The function below (calc_hn) calculates the position of the HN atom for the $i^{th}$ residue given the coordinates of the $(i-1)^{th}$ C atom (red sphere in picture), the $i^{th}$ N atom (cyan sphere in picture) and the $i^{th}$ CA atom (cyan sphere in picture). Write a program that takes a pdb file as input, calculates the position of each HN atom, and then writes out a new pdb file with the HN atoms written out as lines just after the N atoms.
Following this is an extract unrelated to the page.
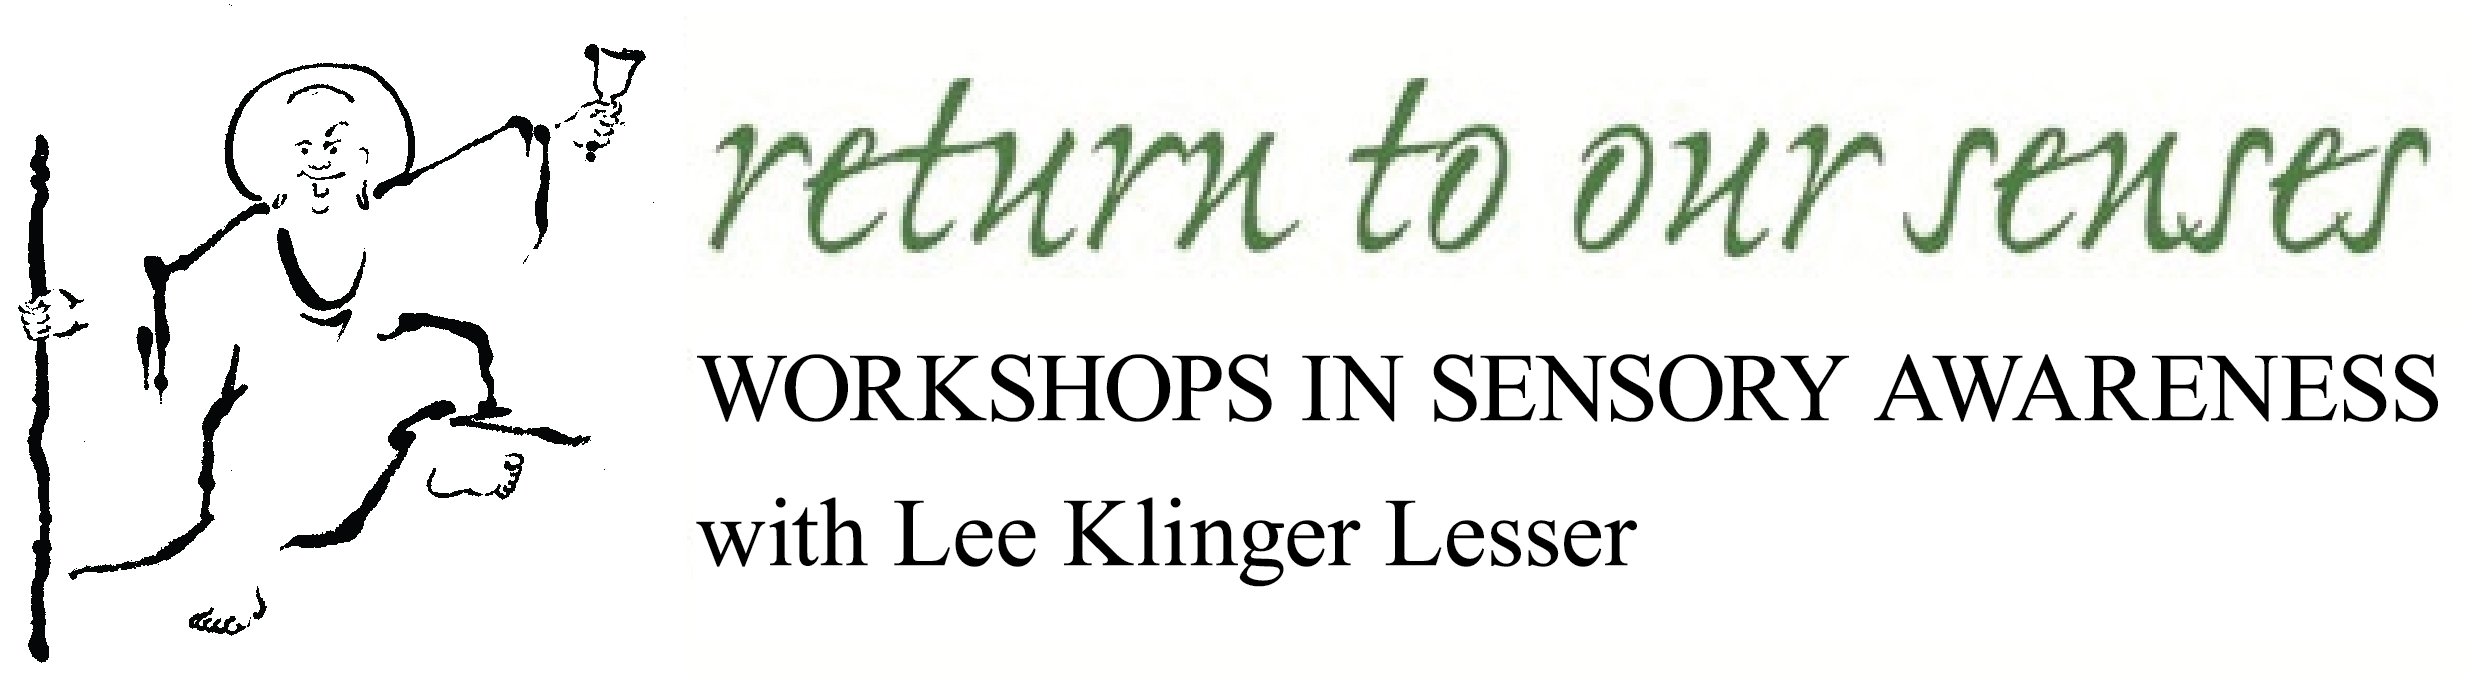 Sensory Awareness with Lee Klinger Lesser

This means the line encoding the position of N for residue 46 would be followed by a new line encoding the position of HN for residue 46. You do not have to renumber the atoms in the file (but bonus points if you do).
In [5]:
def calc_hn(CO_i_minus_one,N_i,CA_i):
"""
Calculate the position of the HN proton.
CO_i_minus_one: array of x,y,z coordinates for *previous*
"C" atom
N_i: array of x,y,z coordinates for current "N" atom.
CA_i: array of x,y,z coordinates for current "CA" atom.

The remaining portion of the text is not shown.